**WORK INSTRUCTION**
Skip the pictures. Retype exactly, and only, the lines between the line holding "성남시의회, 지역사회 현안" and the last line below, inclusive.

**DATA SECTION**
■ ■ ■ ■

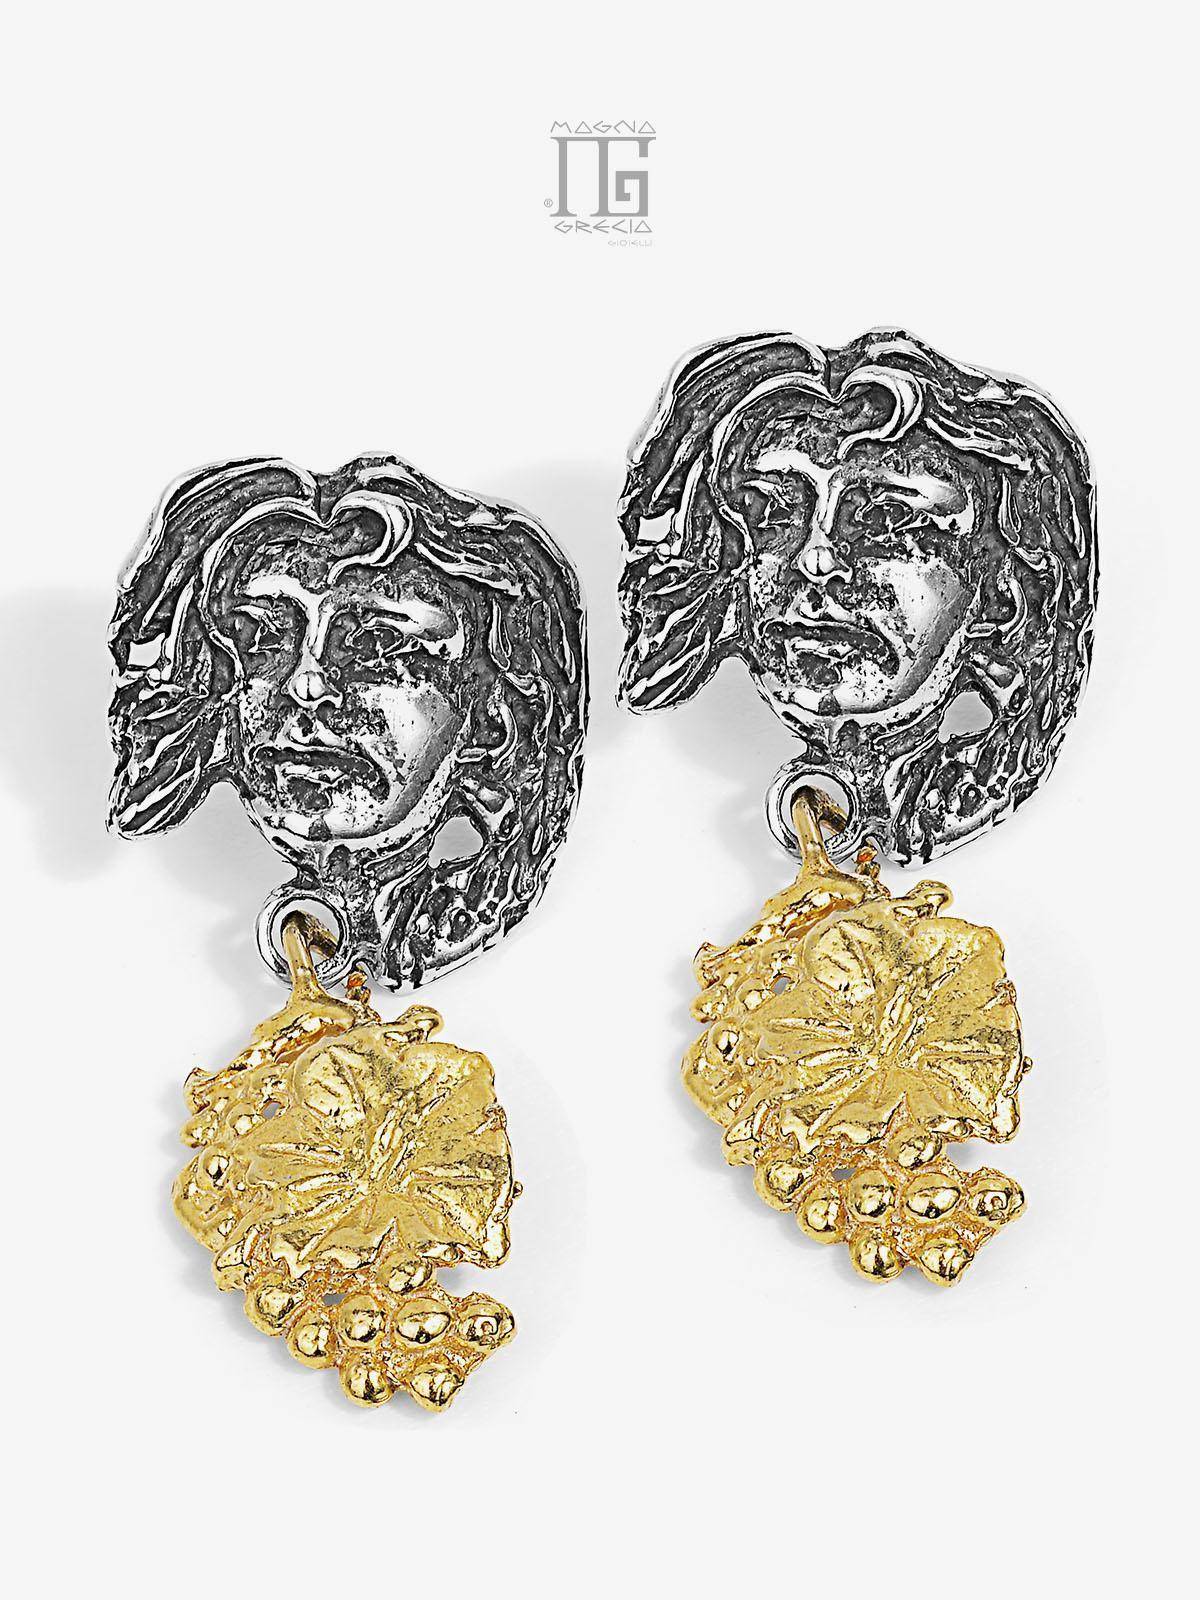 Pendientes colgantes “Otoñal” en plata que representan el rostro de la diosa Venus y un racimo de uvas Cod. MGK 3718 V-3.
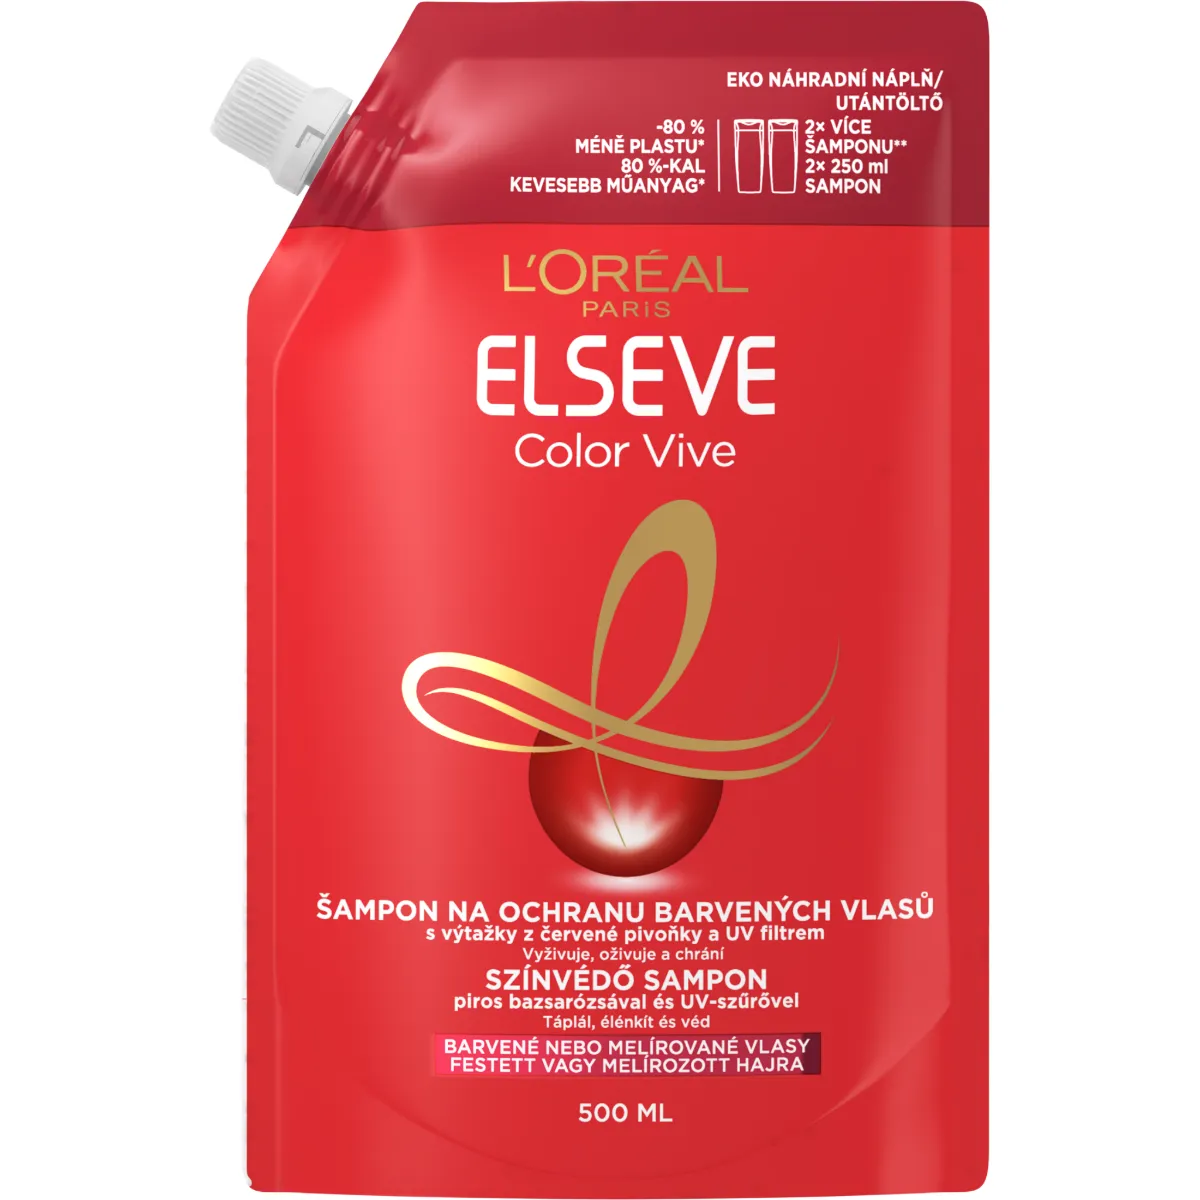 L'Oréal Paris Elseve Color Vive refill šampón pre farbené vlasy 1×500 ml, lesk, hydratácia, výživa a regenerácia vlasov
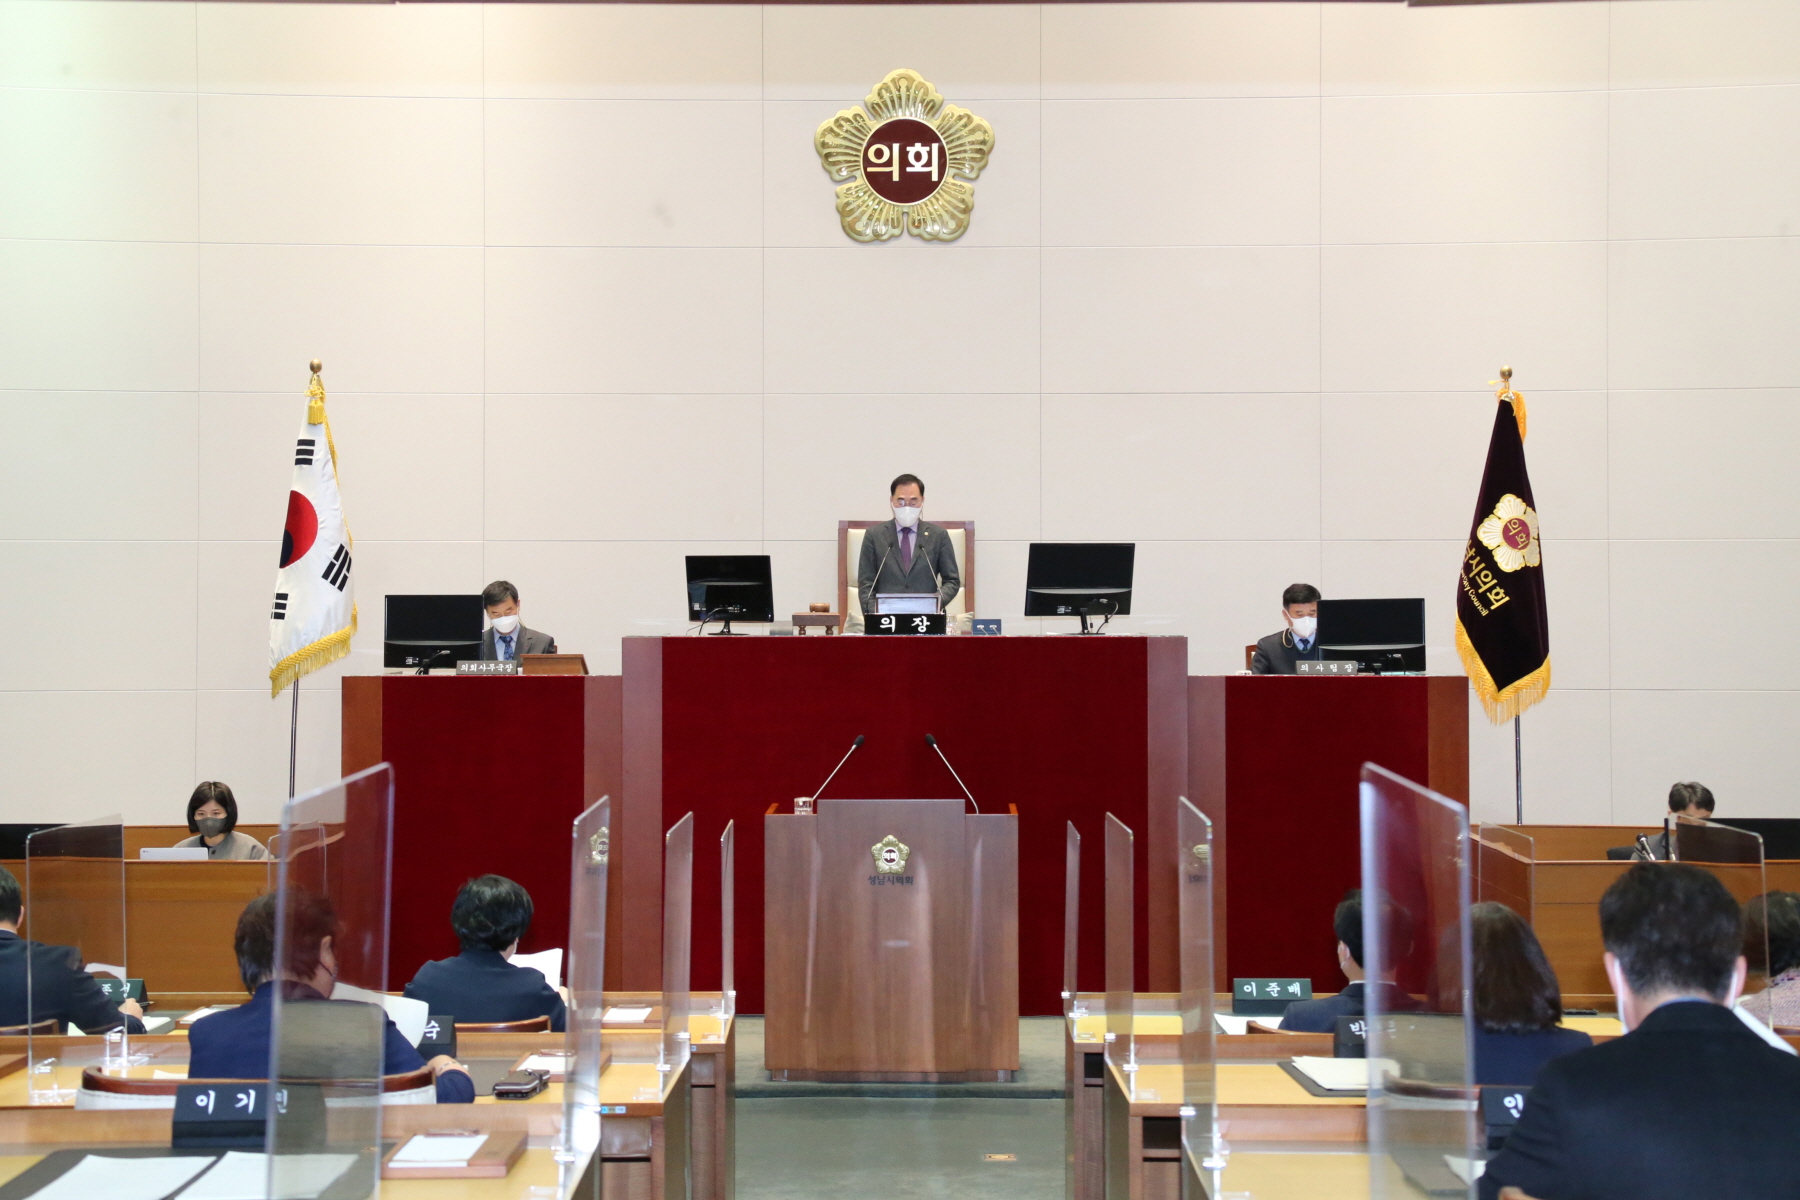 성남시의회, 지역사회 현안 해결에 고심 - 22일 폐회한 제261회 임시회서 새 의원발의 조례안 7건 통과 - 1
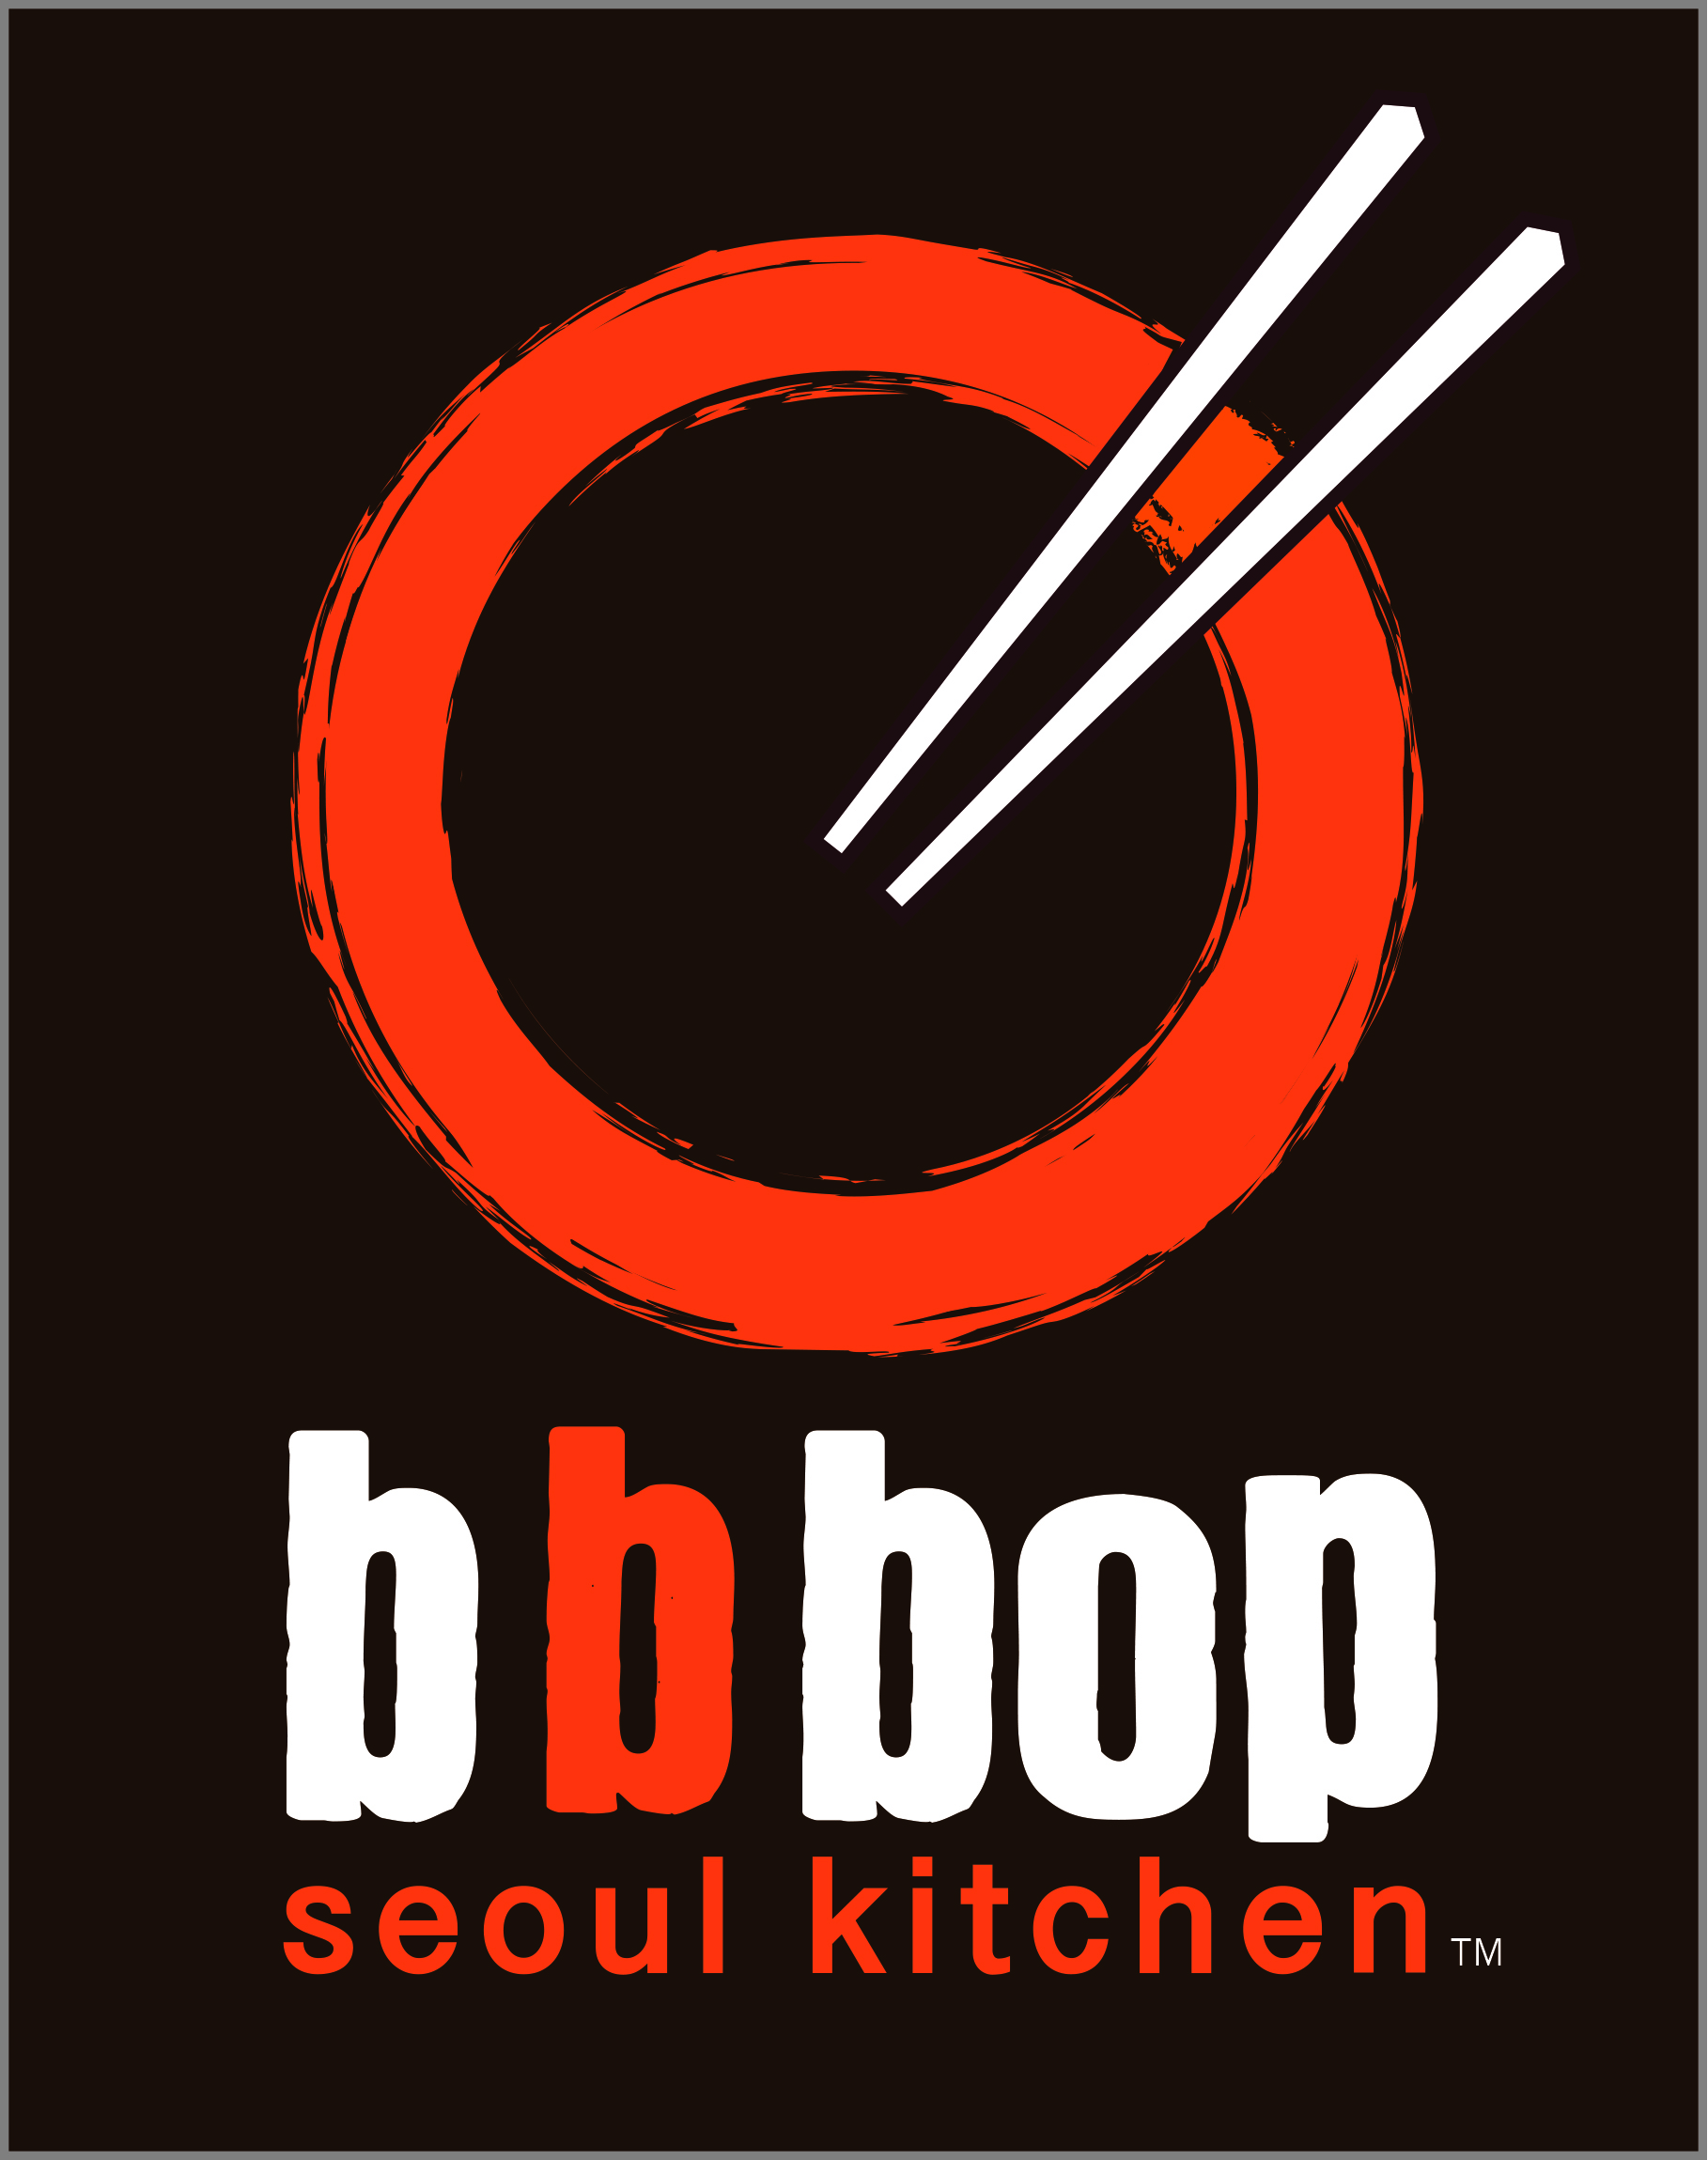 bbbop Seoul Kitchen logo

■ ■ ■ ■

**RESPONSE TO THIS EXERCISE**
 성남시의회, 지역사회 현안 해결에 고심 - 22일 폐회한 제261회 임시회서 새 의원발의 조례안 7건 통과 - 1
 bbbop Seoul Kitchen logo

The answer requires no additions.